Another important property comes into play when discussing stream competency, and that is the intrinsic quality of the material. In 1935 Filip Hjulström published his curve, which takes into account the cohesiveness of clay and some silt. This diagram illustrates stream competency as a function of velocity.^[12]

By observing the size of boulders, rocks, pebbles, sand, silt, and clay in and around streams, one can understand the forces at work shaping the landscape. Ultimately these forces are determined by the amount of precipitation, the drainage density, relief ratio and sediment parent material.^[7] They shape depth and slope of the stream, velocity and discharge, channel and floodplain, and determine the amount and kind of sediment observed. This is how the power of water moves and shapes the landscape through erosion, transport, and deposition, and it can be understood by observing stream competency.

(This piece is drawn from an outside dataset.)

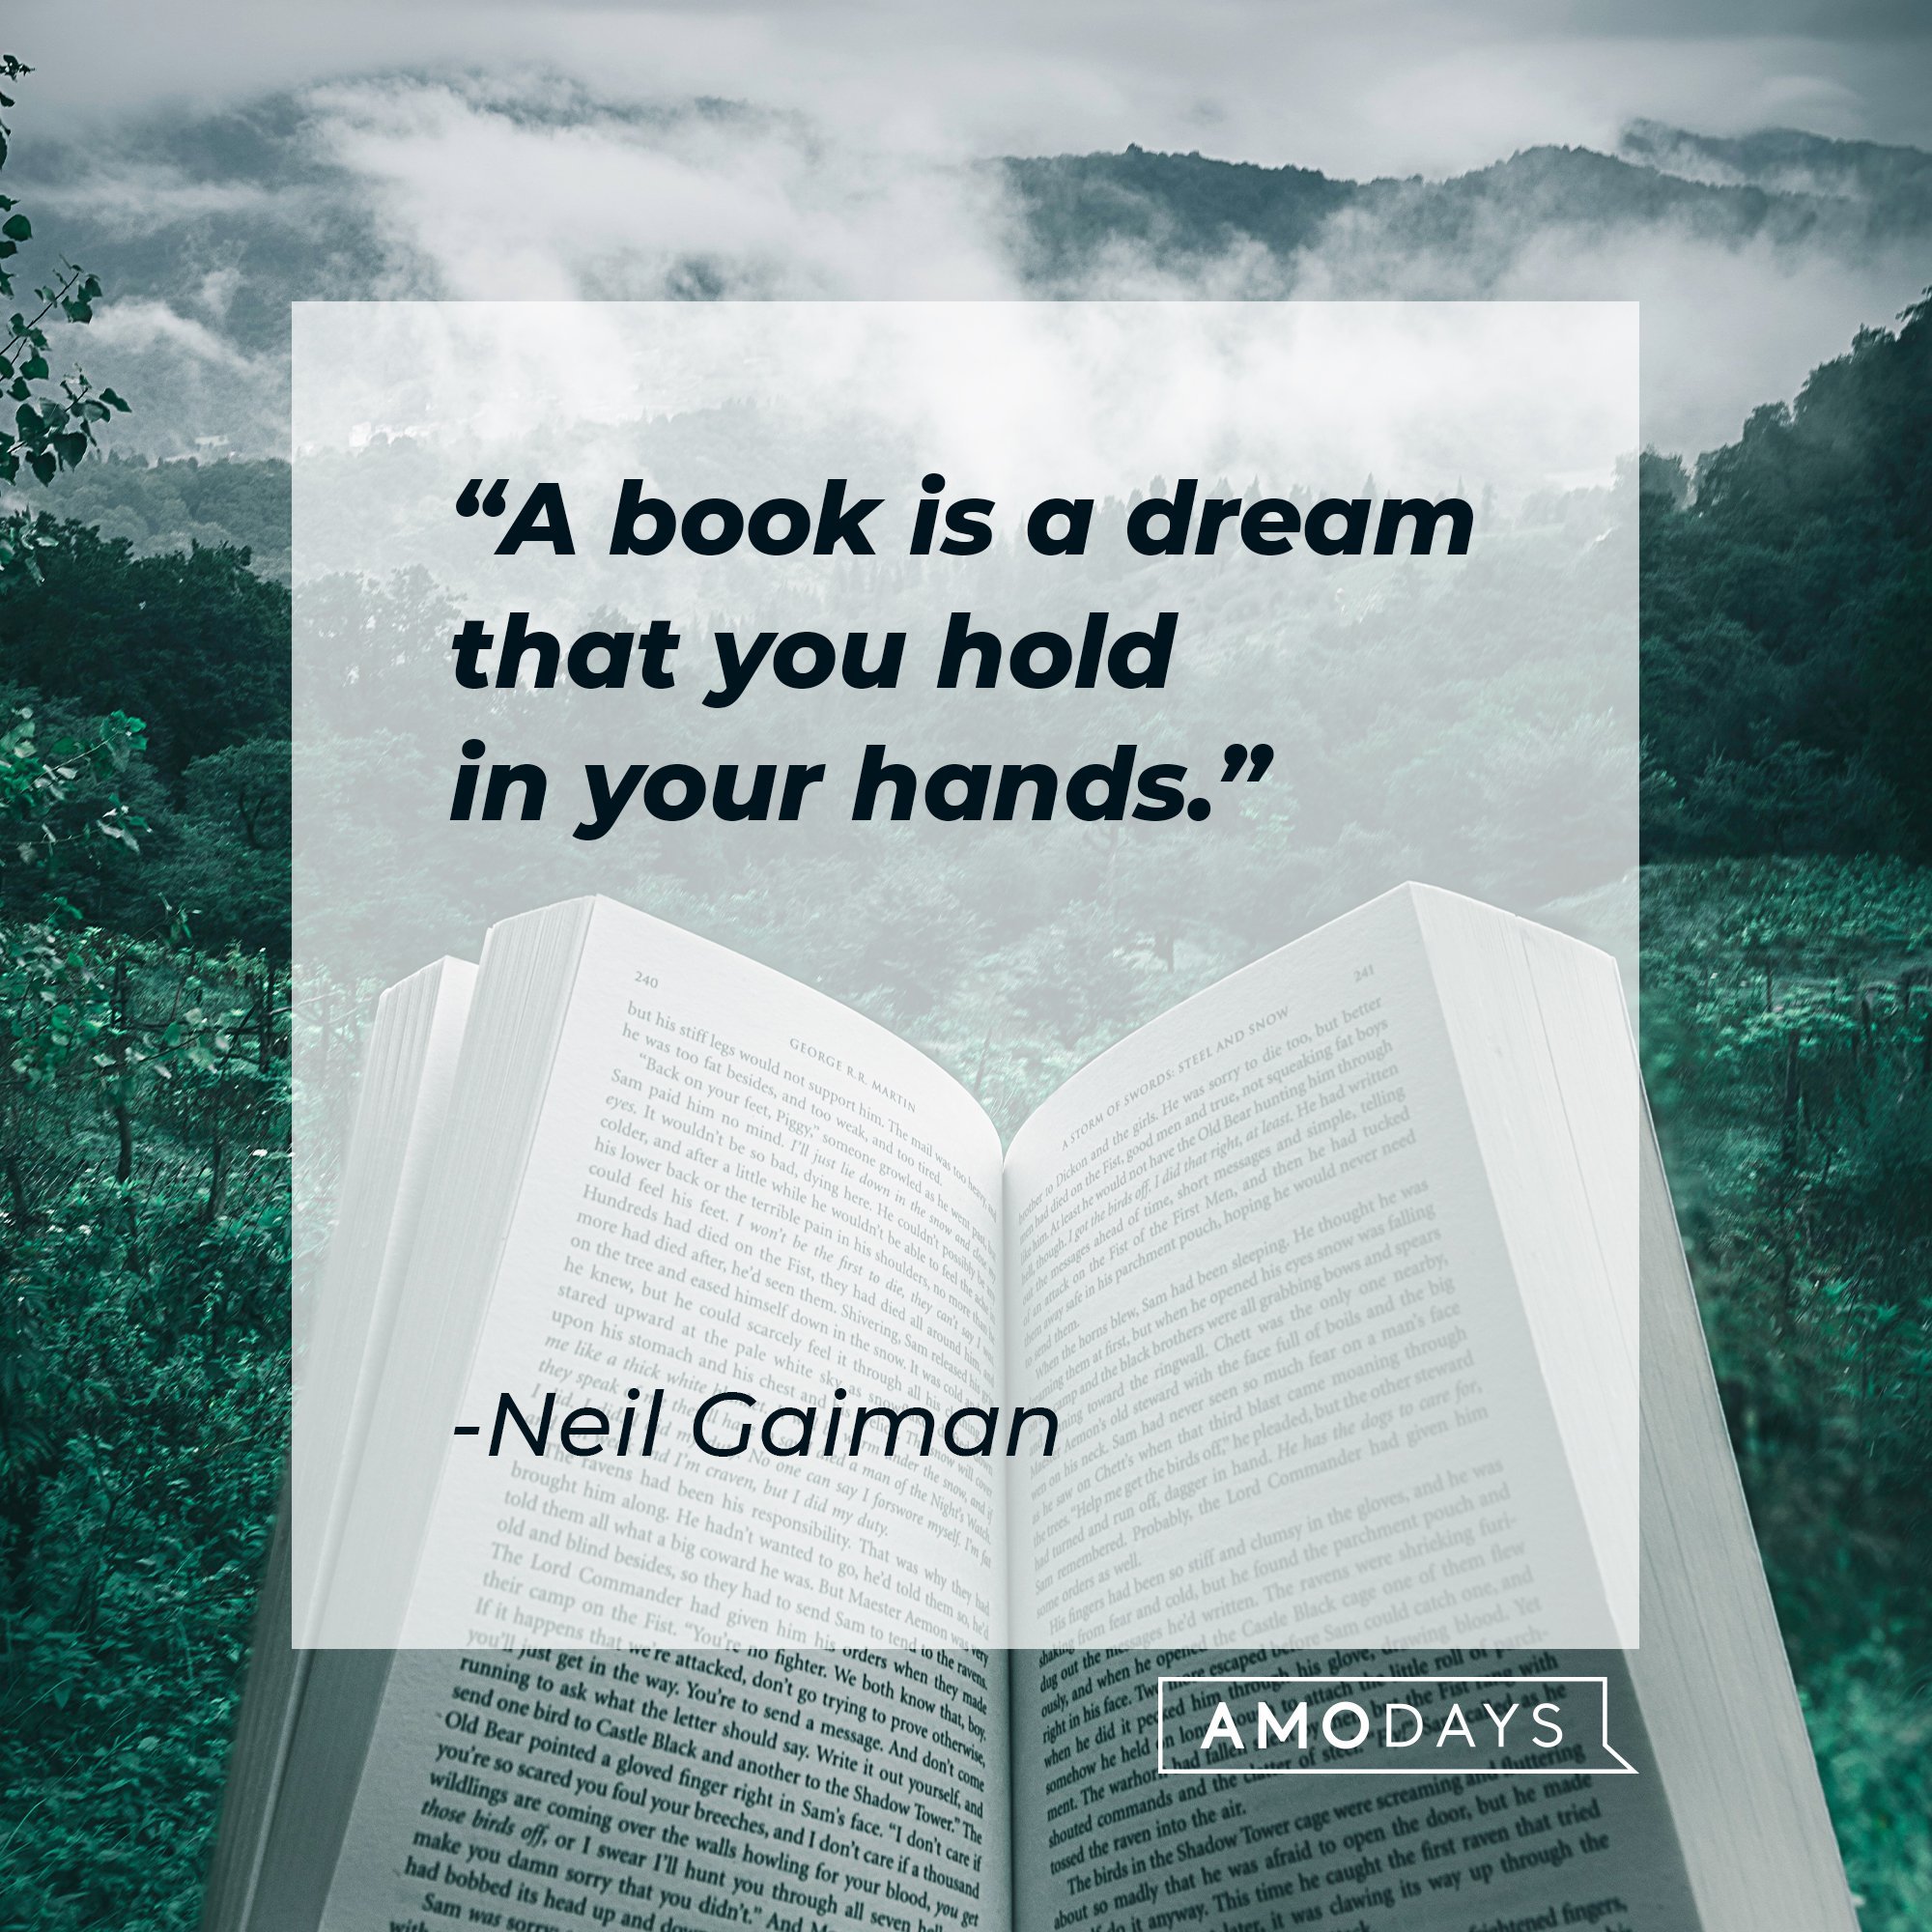  Neil Gaiman’s quote: "A book is a dream that you hold in your hands." | Image: AmoDays

Stream competence does not rely solely on velocity. The bedrock of the stream influences the stream competence. Differences in bedrock will affect the general slope and particle sizes in the channel. Stream beds that have sandstone bedrock tend to have steeper slopes and larger bed material, while shale and limestone stream beds tend to be shallower with smaller grain size.^[6] Slight variations in underlying material will affect erosion rates, cohesion, and soil composition.

Source:^[13]

Vegetation has a known impact on a stream's flow, but its influence is hard to isolate. A disruption in flow will result in lower velocities, leading to a lower stream competence. Vegetation has a 4-fold effect on stream flow: resistance to flow, bank strength, nucleus for bar sedimentation, and construction and breaching of log-jams.

Cowan method for estimating Manning's n.

$${\displaystyle n=(n_{0}+n_{1}+n_{2}+n_{3}+n_{4})m_{5}}$$

Manning's n considers a vegetation correction factor. Even stream beds with minimal vegetation will have flow resistance.

Vegetation growing in the stream bed and channel helps bind sediment and reduce erosion in a stream bed. A high root density will result in a reinforced stream channel.

Vegetation-sediment interaction. Vegetation that gets caught in the middle of a stream will disrupt flow and lead to sedimentation in the resulting low velocity eddies. As the sedimentation continues, the island grows, and flow is further impacted.

Vegetation-vegetation interaction. Build-up of vegetation carried by streams eventually cuts off-flow completely to side or main channels of a stream. When these channels are closed, or opened in the case of a breach, the flow characteristics of the stream are disrupted.